One parent is always the one the kids go to, the school calls, and the doctor's office has on file -- while the other parent gets to be the fun one.

Explanation

The school calls and asks for you -- never your partner. The kids come to you when they are sick, scared, or need permission for anything. You know every teacher's name, every allergy, every friend drama. Your partner knows the kids are great and that everything seems to run smoothly. They get to be the fun parent who shows up for the highlight reel while you produce the entire show. Being the default parent means you are the one the world assumes is in charge of the children. It is not a title you chose -- it was assigned through a thousand small moments where you stepped in first and eventually everyone, including your partner, stopped expecting anything different. The psychological toll is significant: chronic decision fatigue, identity erosion (you become 'mom' or 'dad' before anything else), and a simmering resentment that is hard to articulate because none of the individual tasks seem like a big deal. It is the accumulation that breaks you. Rebalancing requires more than splitting tasks. It requires the non-default parent to build direct relationships with every system -- the school, the pediatrician, the babysitter, the other parents. Not by being forwarded information, but by being the point of contact. It means the default parent has to tolerate things being done differently and resist the urge to micromanage. Letting go of control is its own form of emotional labor, but it is the only way out of the cycle.

Key Takeaway

Being the fun parent is easy when someone else is running the entire operation.

A Better Approach

Both parents sitting down with the full list of invisible responsibilities written out between them, making the invisible visible

Name every hidden task. If it is not visible, it can not be shared.

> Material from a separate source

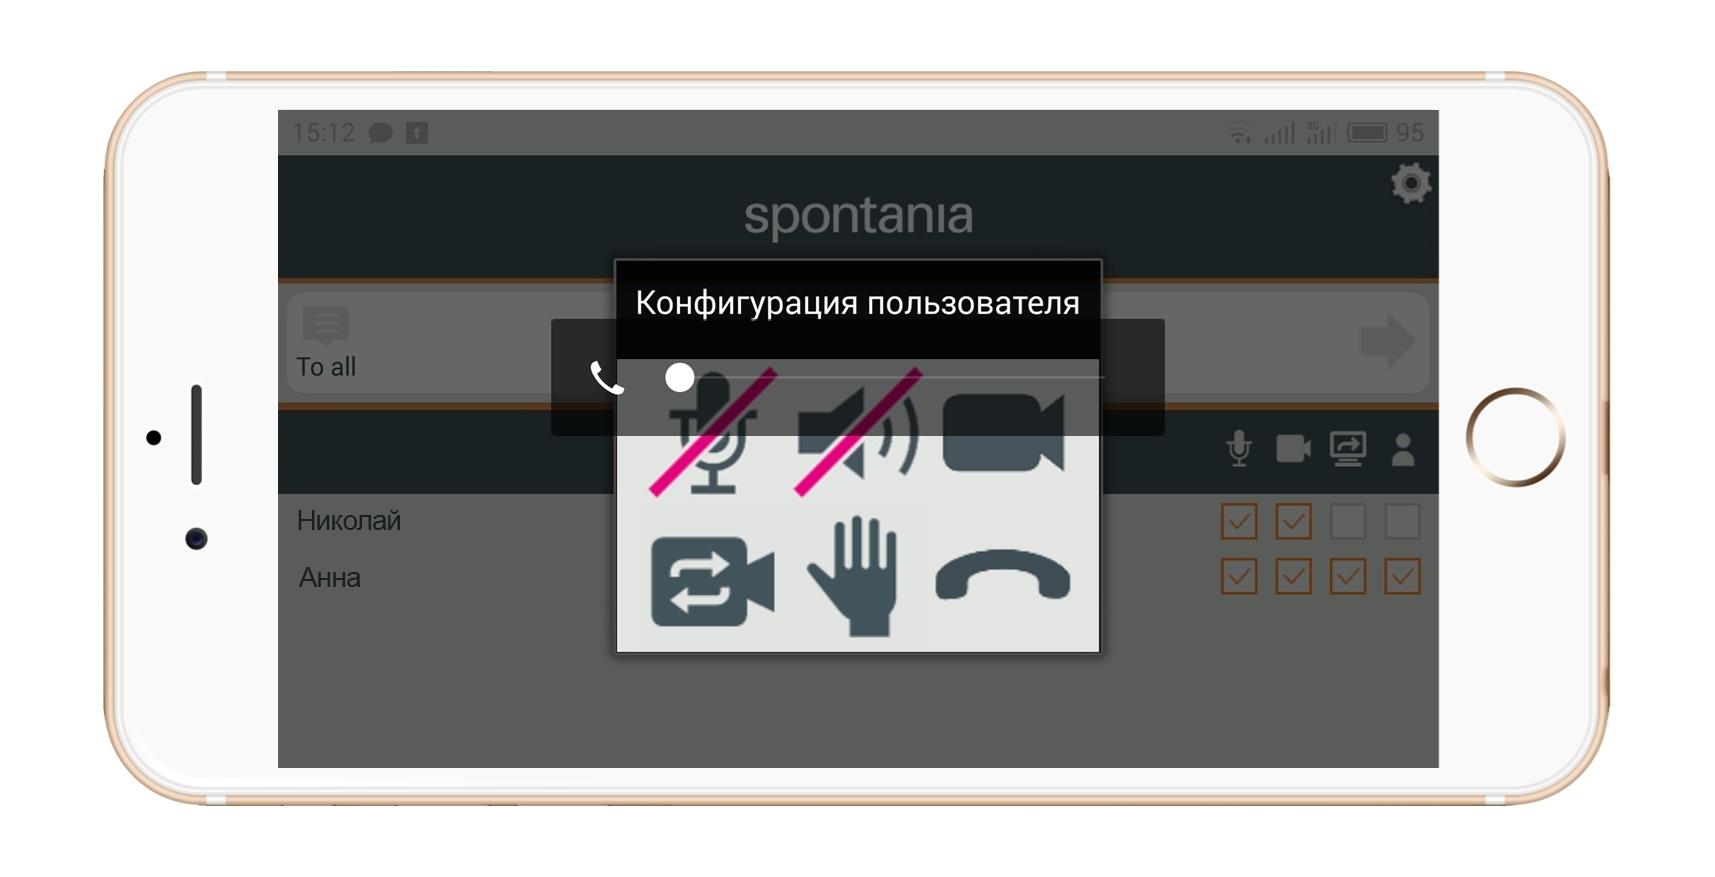 ClearOne Sp Ent 25 - Программный продукт Spontania Enterprise - 25

The non-default parent calling the pediatrician directly, adding their own name to school forms without being asked

Take ownership, not instructions. Be the point of contact, not the backup.

The default parent letting go of a task done slightly differently, resisting the urge to redo it, breathing through the discomfort

Let it be done differently. Control is its own form of labor.

Both parents each handling separate categories of family life, neither overwhelmed, kids going to either one equally

Two default parents. That is what partnership actually looks like.